Remix clone Hacker News

new | show | ask | jobs Github

	▲	thatwasunusual 9 hours ago
		> It's not nessessarily the best benchmark, it's a popular one, probably because it's funny. > Yes it's like the wine glass thing. No, it's not! That's part of my point; the wine glass scenario is a _realistic_ scenario. The pelican riding a bike is not. It's a _huge_ difference. Why should we measure intelligence (...) in regards to something that is realistic and something that is unrealistic? I just don't get it.
	▲	Fnoord 5 hours ago \| parent \| next [-]

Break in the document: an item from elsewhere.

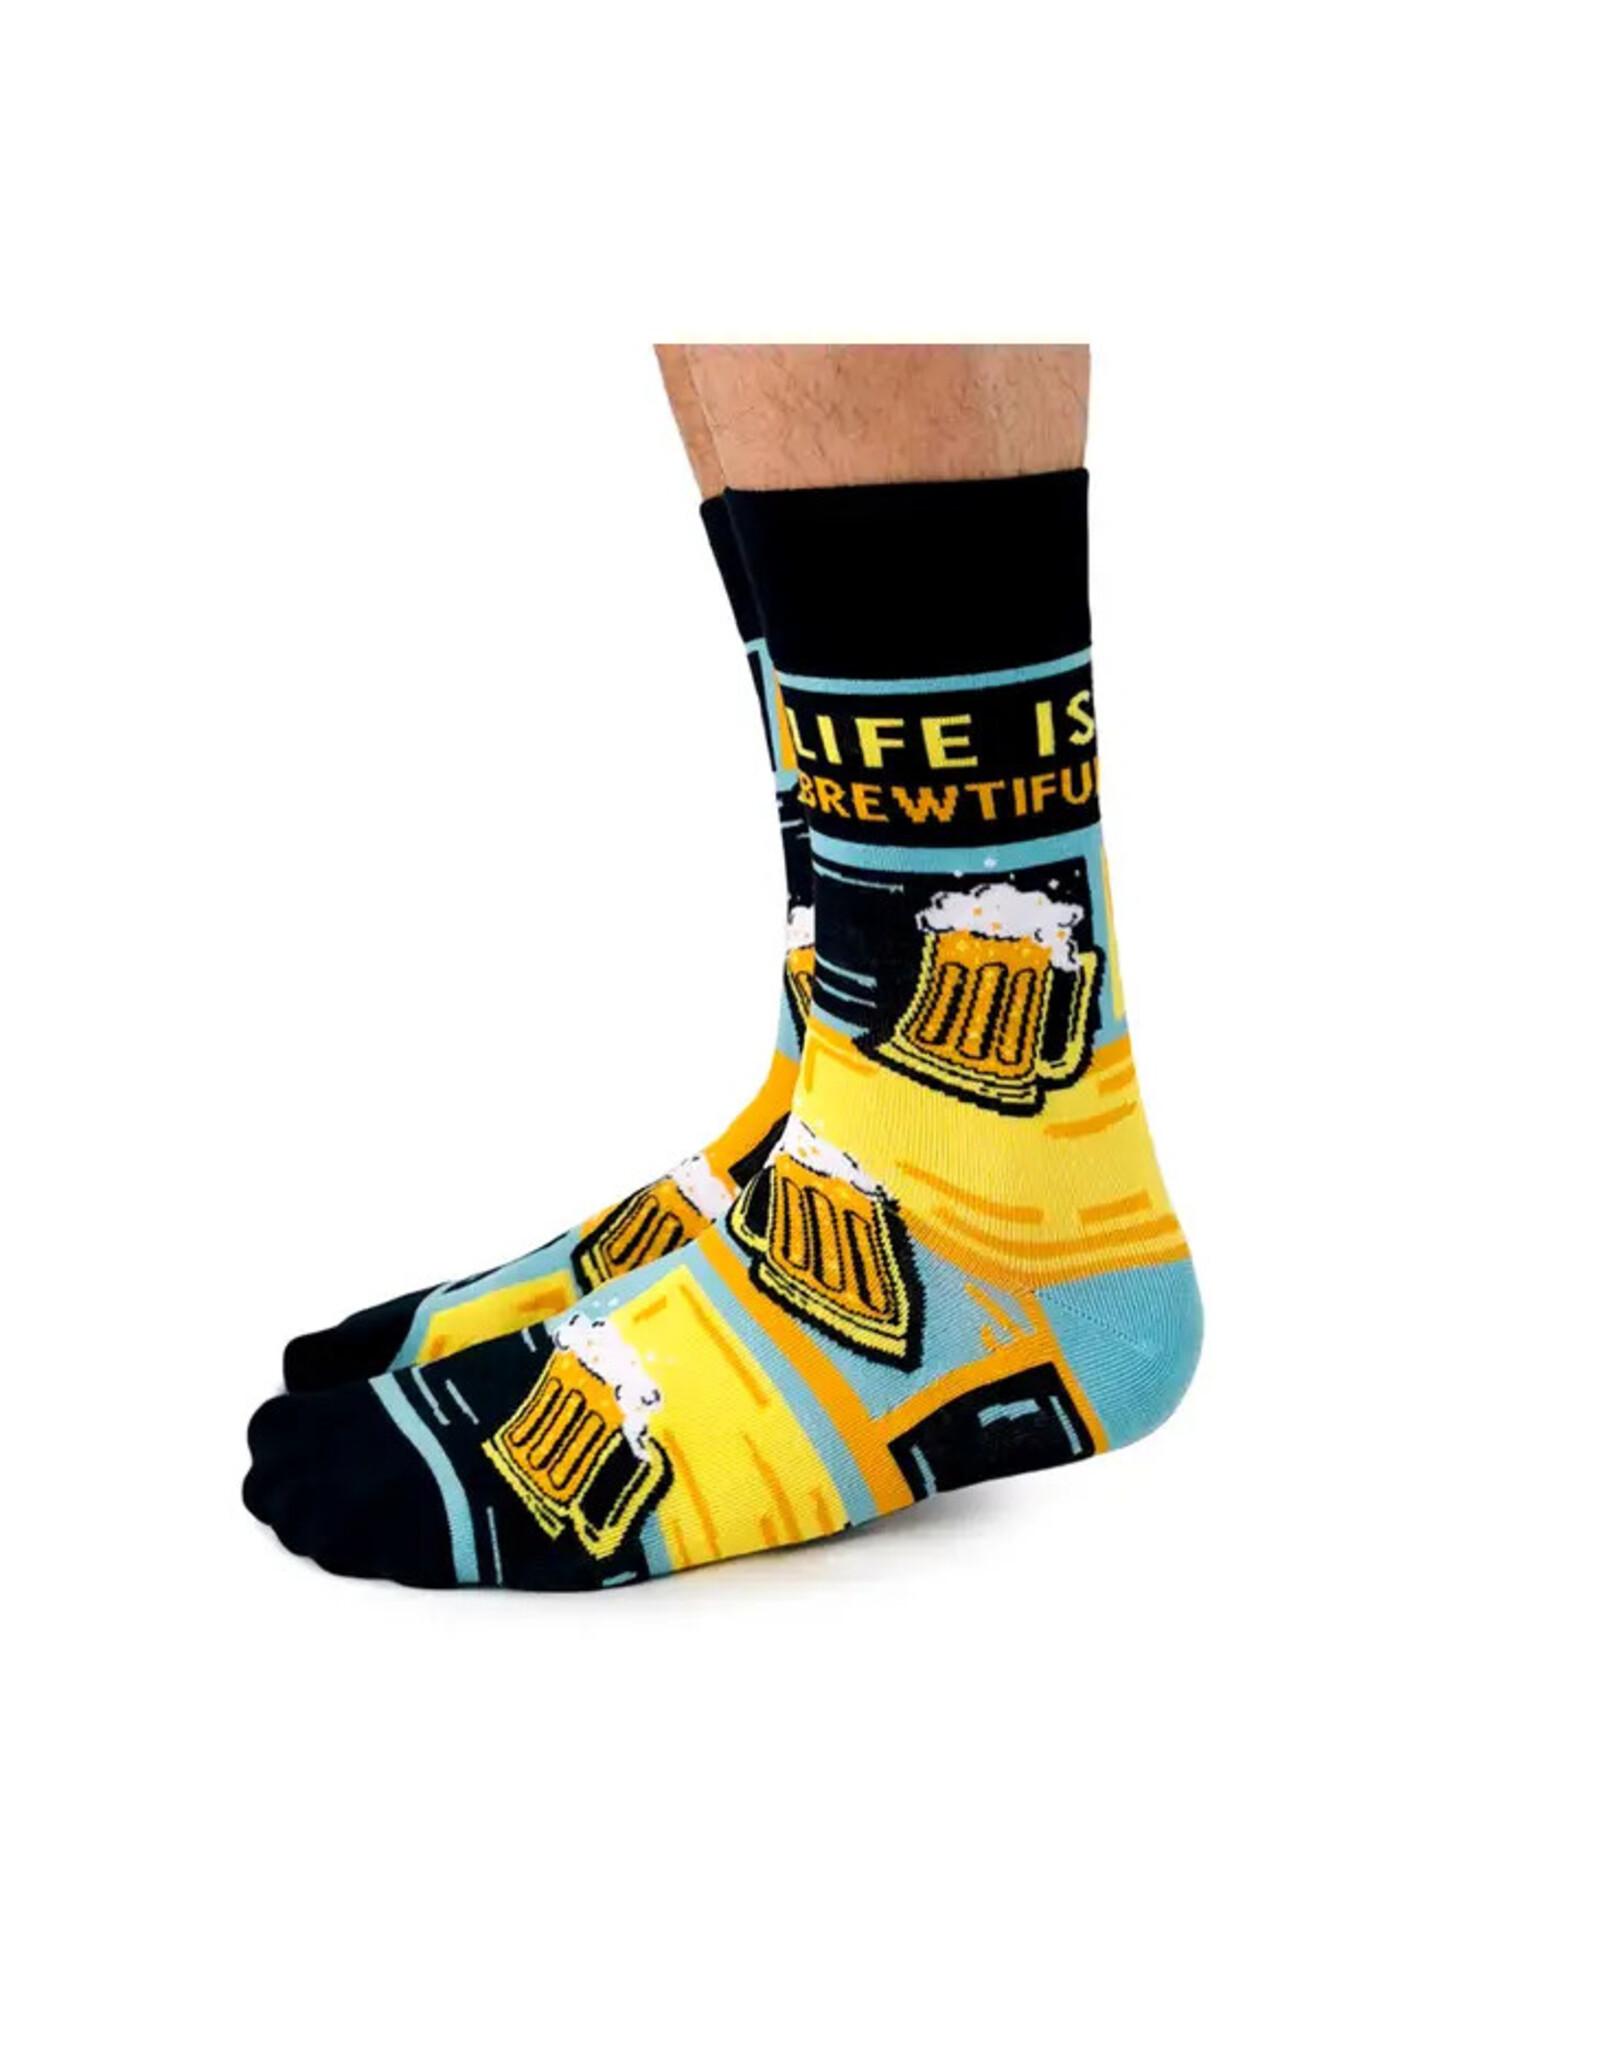 Uptown Socks Life is Brewtiful Socks - Uptown Sox

		> the wine glass scenario is a _realistic_ scenario It is unrealistic because if you go to a restaurant, you don't get served a glass like that. It is frowned upon (alcohol is a drug, after all) and impractical (wine stains are annoying) to fill a glass of wine as such. A pelican riding a bike, on the other hand, is realistic in a scenario because of TV for children. Example from 1950's animation/comic involving a pelican [1]. [1] https://en.wikipedia.org/wiki/The_Adventures_of_Paddy_the_Pe...
	▲	vikramkr 6 hours ago \| parent \| prev [-]
		If the thing we're measuring is a the ability to write code, visually reason, and handle extrapolating to out of sample prompts, then why shouldn't we evaluate it by asking it to write code to generate a strange image that it wouldn't have seen in its training data?